### [Extracted material]
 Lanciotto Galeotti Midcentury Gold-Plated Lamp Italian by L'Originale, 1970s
* * *
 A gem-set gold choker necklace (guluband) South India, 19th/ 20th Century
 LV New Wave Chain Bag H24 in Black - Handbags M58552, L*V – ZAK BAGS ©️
...
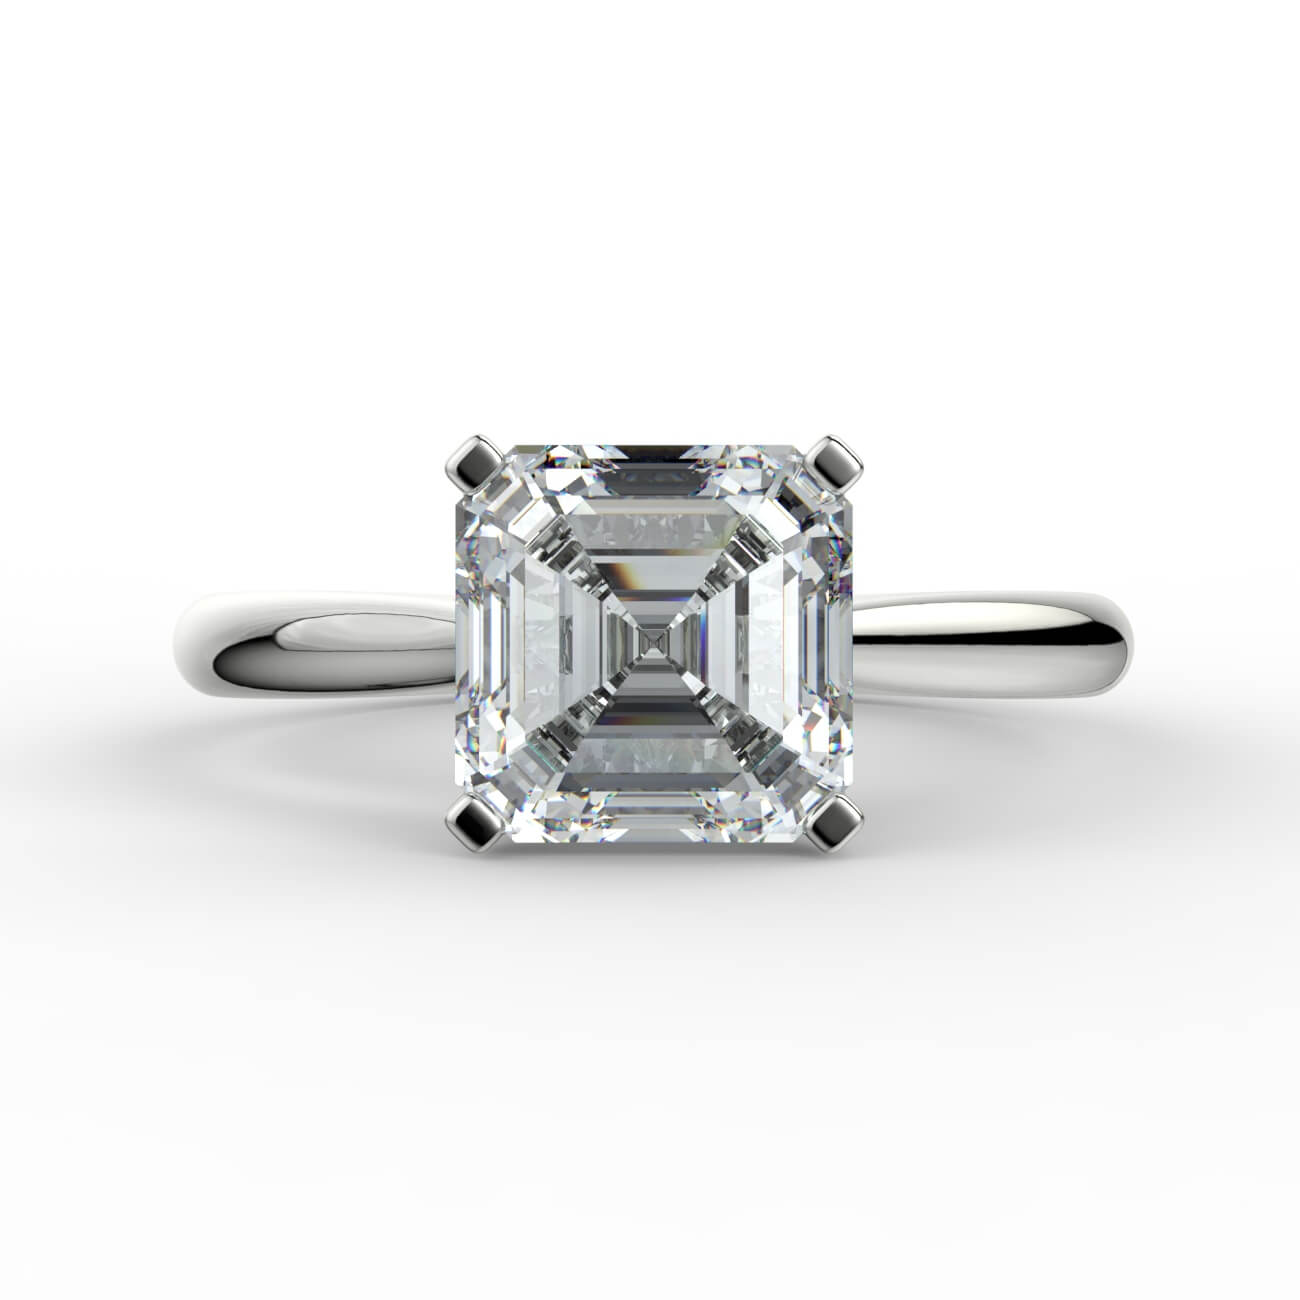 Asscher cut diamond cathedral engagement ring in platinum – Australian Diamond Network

### [Prompt]
With the line holding "A gem-set gold" as the first and the line holding "LV New Wave" as the last, set down that range of the entries above exactly, and nothing else.

### [Exercise result]
 A gem-set gold choker necklace (guluband) South India, 19th/ 20th Century
 LV New Wave Chain Bag H24 in Black - Handbags M58552, L*V – ZAK BAGS ©️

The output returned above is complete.